Savannah was born healthy at term at a whopping 8 lbs 6 oz. At 4 months we started noticing little jerking movements. She was to old for a startle reflex and because I had a nephew who had myoclonic seizures and a sister who gave great advice we were diagnosed very quickly with infantile spasms. Phillip Pearl in Washington D.C. (whom we love) started us on ACTH and topamax and the spasms resolved. Then we weaned... and they came back. At 9 mos we did a second longer, lower dose course of ACTH and continued topamax and were seizure free for a blessed 2 years. At almost 3 years old Savannah had her first partial complex febrile seizure and has continued to have them only with fevers albeit even a low grade fever. Recently Savannah had her first 2 daytime seizures withing 12 days of each other, they were non febrile with no warning. It has been heartbreaking but we are trying to be brave with this wonderful kiddo.

Thursday, April 21, 2011

Souless Jerks

I really wanted to put a meaner title but my mother reads this. WHA Mercy Med group has officially denied our request for a better MRI for the second time. So we will appeal again. I am hoping Mike has some grounds for a nice nasty legal letter. Honestly, what was law school for if we can't write nasty letters to people who get in my kid's way. I am hoping to find some medical literature about the benefits of a 3 tessla MRI and then... there is always me taking another job to get insurance at UCD. I like my job but if we keep failing at appeals what else can I do?

Thursday, April 14, 2011

She pushes me to the edge just to yank me back before I jump.

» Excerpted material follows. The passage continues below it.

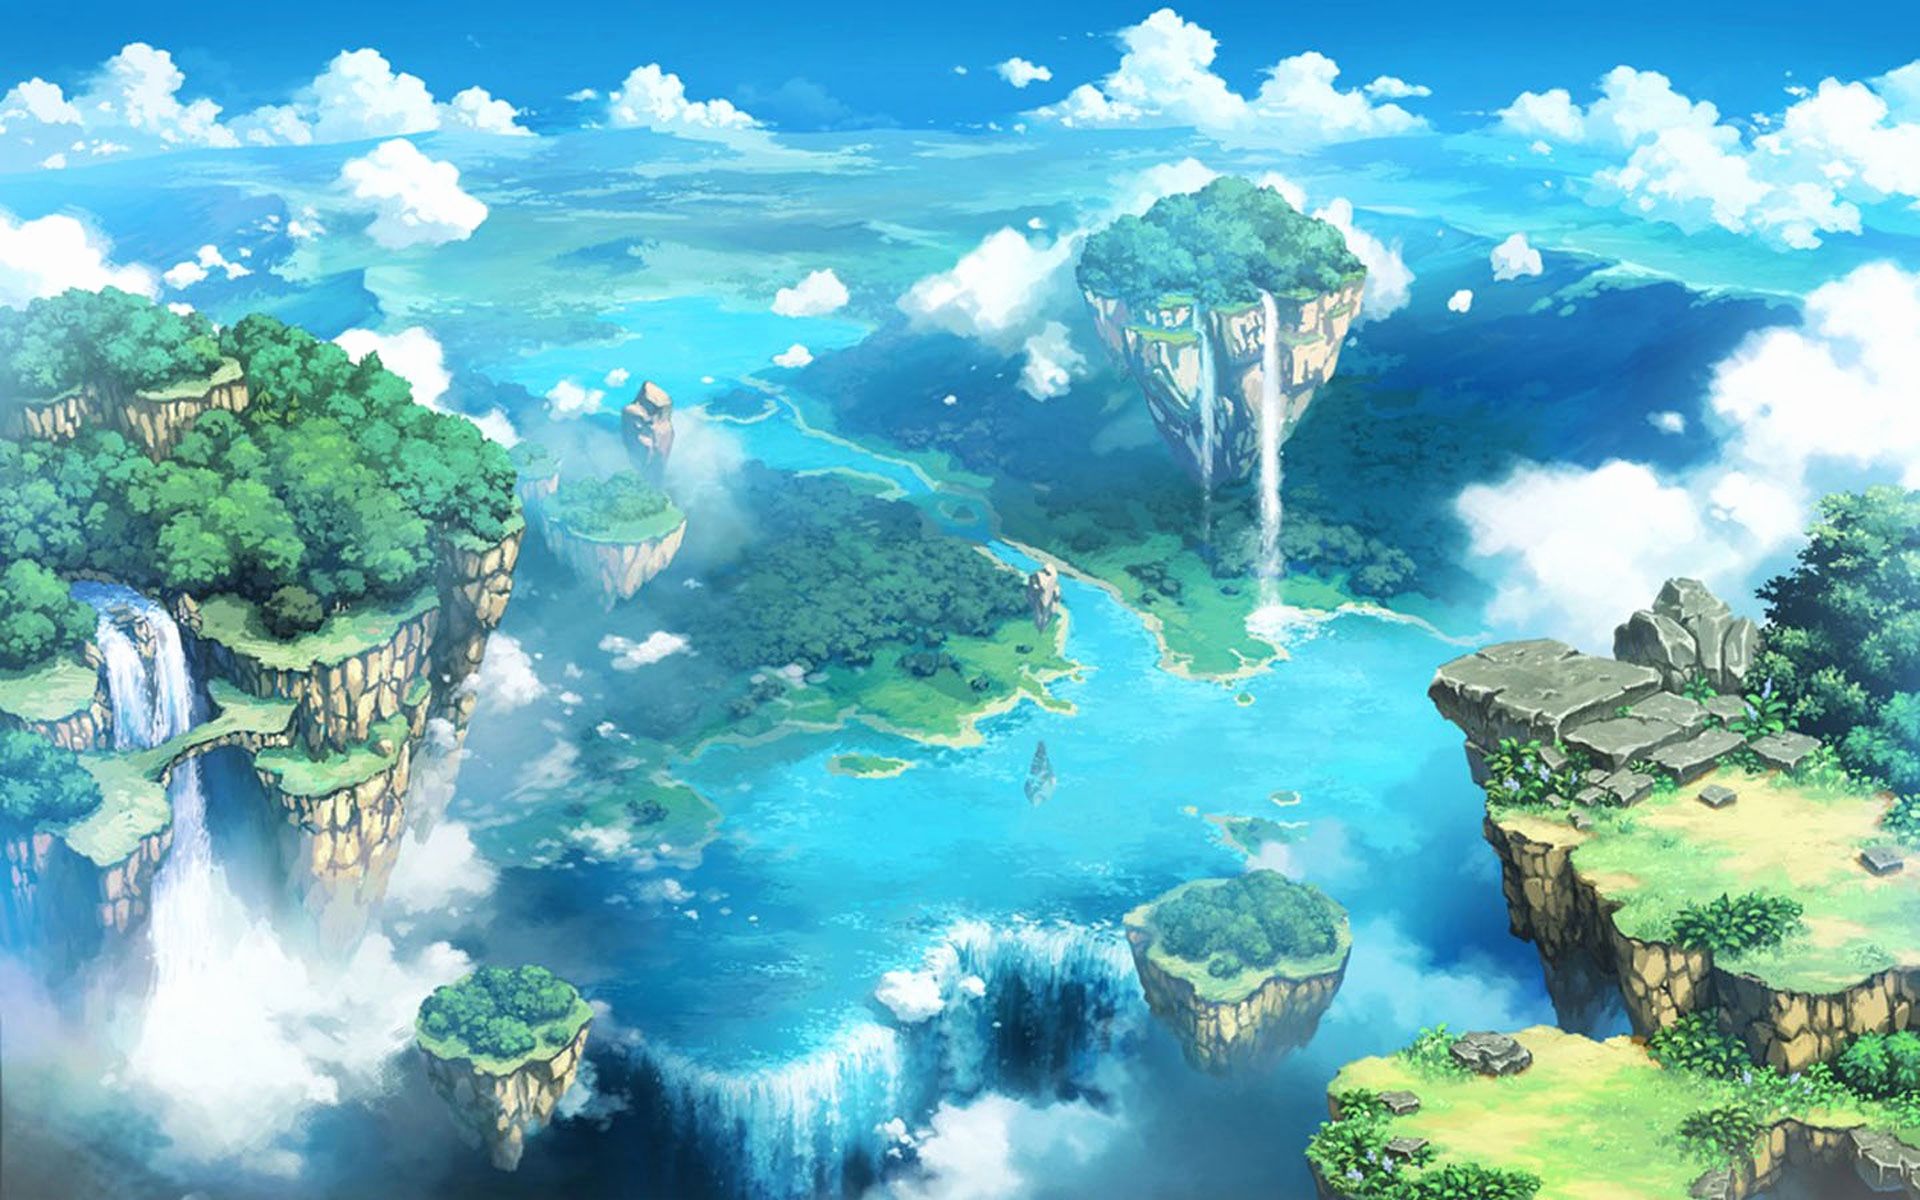 Anime Landscape Awesome Anime Scenery Wallpaper HD Inspiration of The Hudson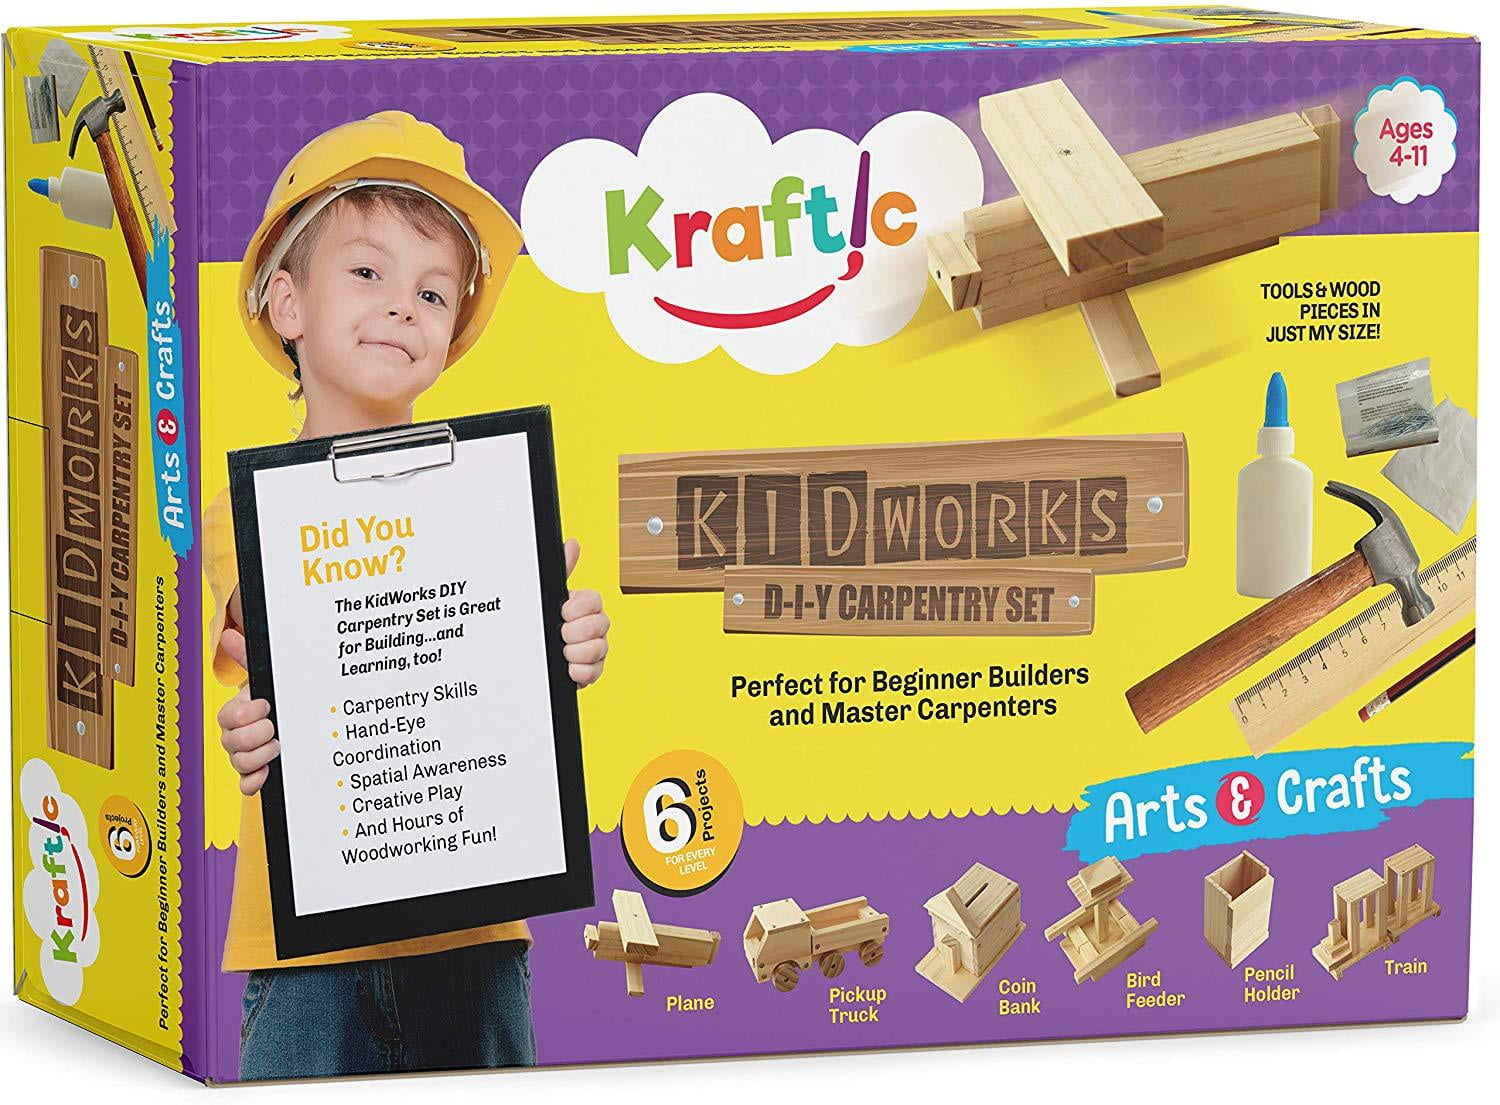 Kraftic Woodworking Building Kit for Kids and Adults, with 2 Educational  DIY Carpentry Construction Wood Model Kit Toy Projects for Boys and Girls

I was psycho parent on Tuesday. My "big girl britches" fell and I could not for the life of me put them back on. At swim Sav decided 10 minutes before her practice started she didn't like her fins so she started trying on a bunch in lost and found. Well practice started and there she is STILL trying on fins. I told her to pick a pair and hop in the water. She didn't. She kept on. I tried to help her quickly put a pair on only to have her take them off. I told her to "GET IN." About 8 minutes after practice started she got in and then proceeded to not at all swim but mosey from one side to the next while she was largely ignored by the coaches. They do have like 40 swimmers. At this point I will stop and say I really don't care if my kid ever wins a race. I do care that she does her best. So after I see this I go to the edge and I say if you don't actually swim you will be pulled out of the water. So she dawdles and barely swims to the other side. I yanked her out. Then, finally it clicks and she wants to be in the water so she ran away and jumped in. I was FUMING. (NONE of this story narrates my finest hour). After practice she comes to me and I ask her a series of no brainer questions. "Did you do your best?" "Were you being respectful by not listening to the coaches?" "What do you think your punishment should be?" I made her swim extra laps. She hopped in the pool in a lane where her friend was swimming and did a 2 laps of freestyle and 2 laps of breast stroke like I have NEVER seen before! She was neck and neck with a "normal" kid the whole time. She was using cross pattern so well, left and right moving alternately with her bottom half working in unison. It was a thing of beauty for this Mama (who pays a lot for private O.T.) to see. I couldn't believe it. And I don't understand why she doesn't show her coaches she can do this! I think she has the world fooled so we don't make her work harder. Game on Savannah, Game on.

Wednesday, April 6, 2011

Ha Ha! Remember that time when we only had febrile seizures?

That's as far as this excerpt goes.